You might want to describe how the internal network is setup in more detail. |
What do you mean your "gateway is on a different subnet"? By definition your gateway must be on the same subnet as your network interface.
|
Quote:
My network layout is as follows: Linksys wrt54gS, running openwrt WhiteRussian RC4 I belive. It's beeing running this for more than a year, the problem describes is from the last 72 hours (give or take). the wrt54gs, distribution_node_2 (i'll refer to it as wrt) has one WAN port, and 4 LAN ports. These 6 ports are devided into 2 vlan's, vlan0 and vlan1. vlan0 consists of the WAN port +LAN_1 LAN_2 ports. Thus, i get an external (direct) IP on LAN_1 and LAN_2 ports. Thus the wrt (vlan0) and enterprise (LAN_1/eth0) get their unique IP. vlan1 consists eth1 (wifi part) +LAN_3 and LAN_4 ports. The following image describes almost the same vlan setup, the original setup. WRT54G on LAN_4 is a plain (gigabit) switch connected. The switch connects all my (natted) Systems. My laptop annika, either via wifi or gigabit on the switch(vlan1)[nat]. My desktop valexia, via gigabit on the switch(vlan1)[nat]. My freevopc erin, via gigabit on the switch(vlan1)[nat]. My server(again) enterprise(eth1), via gigabit on the switch(vlan1)[nat]. the first 3 can't access bugs.gentoo.org or packages.gentoo.org (but forums.gentoo and www.gentoo.org are ok). It appears to be something in my router, can't imagine all 3 pc's have a messed up ...something. |
Quote:
After some digging, (which was sloppy the first time I suppose) route prints indeed out the proper gateway an all my machines. The reason i mentioned 'different subnet' for the gateway was: 1: infinte.lan (10.2.0.13) 0.238ms pmtu 1500 1: 10.2.0.1 (10.2.0.1) 1.293ms 2: no reply 3: no reply 4: no reply 5: no reply 6: no reply 7: no reply 8: 1-8-ftth.onsnetstudenten.nl (145.120.8.1) asymm 9 2.676ms Now step 2 is most very likly my gateway, 145.120.13.1 as it is shown by route. Somehow it goes through a couple of no replies to 8. I took the wrong assumption that 2 - 7 was something that was causing the problem or ... I dunno, you know what they say, assumption is the mother of all *ups right? |
tracer[ou]t[e]/tracepath/ping are increasingly irrelevant for trouble-shooting since so many routers filter ICMP (either the echo-reqs, or the time-exceededs). They're pretty much only useful on local networks to confirm that your packets are going to the correct internal router/firewall.

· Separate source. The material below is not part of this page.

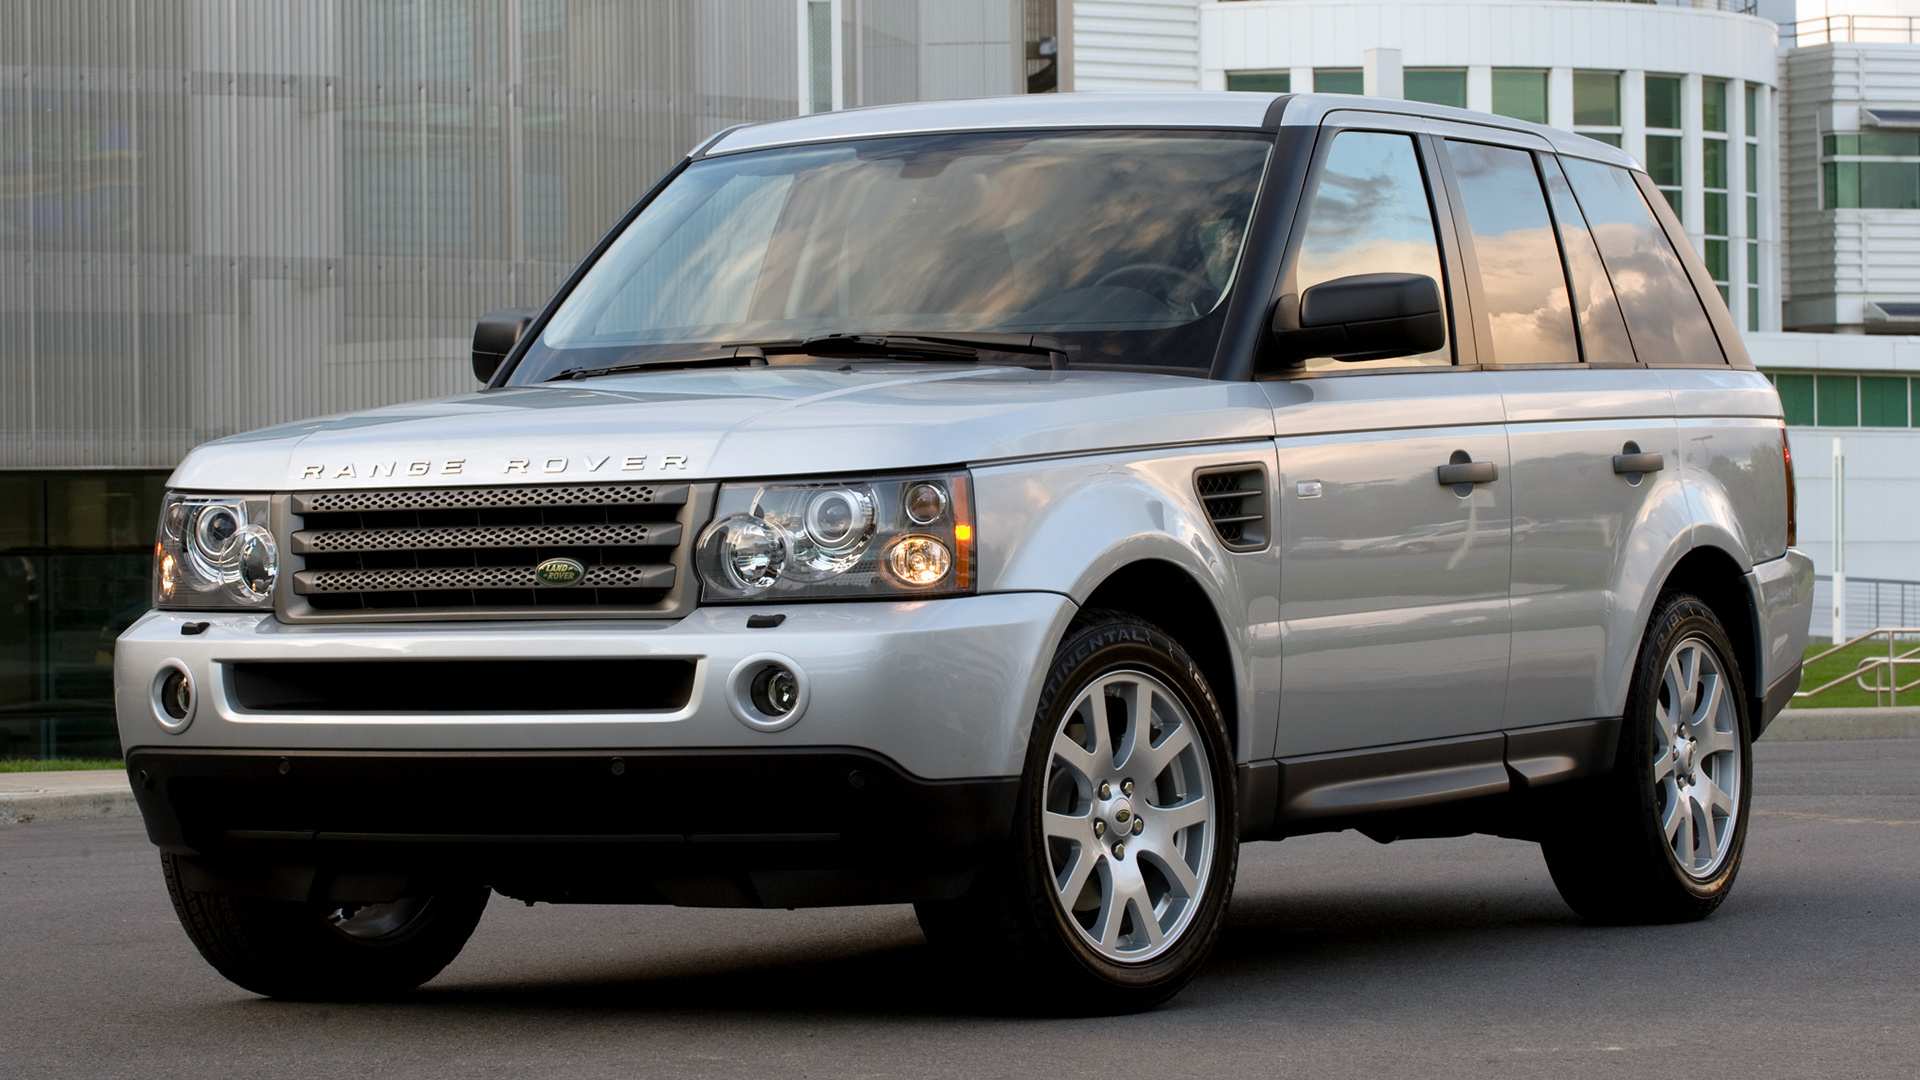 2006 Range Rover Sport HSE (US) Wallpapers and HD Images

If you can resolve the names from any workstation than it cannot be a DNS problem. Try running # tcpdump host <ip of gentoo site> on one of the affected workstations while you fire up your browser and attempt to access that site. See if there are indeed packets going to the correct IP on the correct port. Try running tcpdump on the external interface of your linksys as well to see if the return packets are coming back as expected. At first-glance it appears that it might be some sort of sub-netting problem resulting in triangular routing. The fact that the sites you can reach are on different subnets than the sites you can't reach tends to point to this. |
Quote:
On the 10.0 internal lan on my wrt, i'm also running a openvpn server (bridged with my other interlan stuff) the thing is, ICMP should go through just fine, on both enterprise, and the openvpn clients (though I hardly think that that is the issue. I ran tcpdump, and got some binary jibberish, i loaded into wireschak, and it could make sense out of it. But first I gotta disconnect/stop stuff to get a clearer result, I got some ssh packets I don't want, as to some other packets. Also i'm going to (abuse) my openvpn to get an ip from one of my clients, that way, i'll be browsing the net via them. (Which works just fine, done it a few times, sometimes by accident) |
You can do tcpdump port not 22 to get rid of ssh traffic.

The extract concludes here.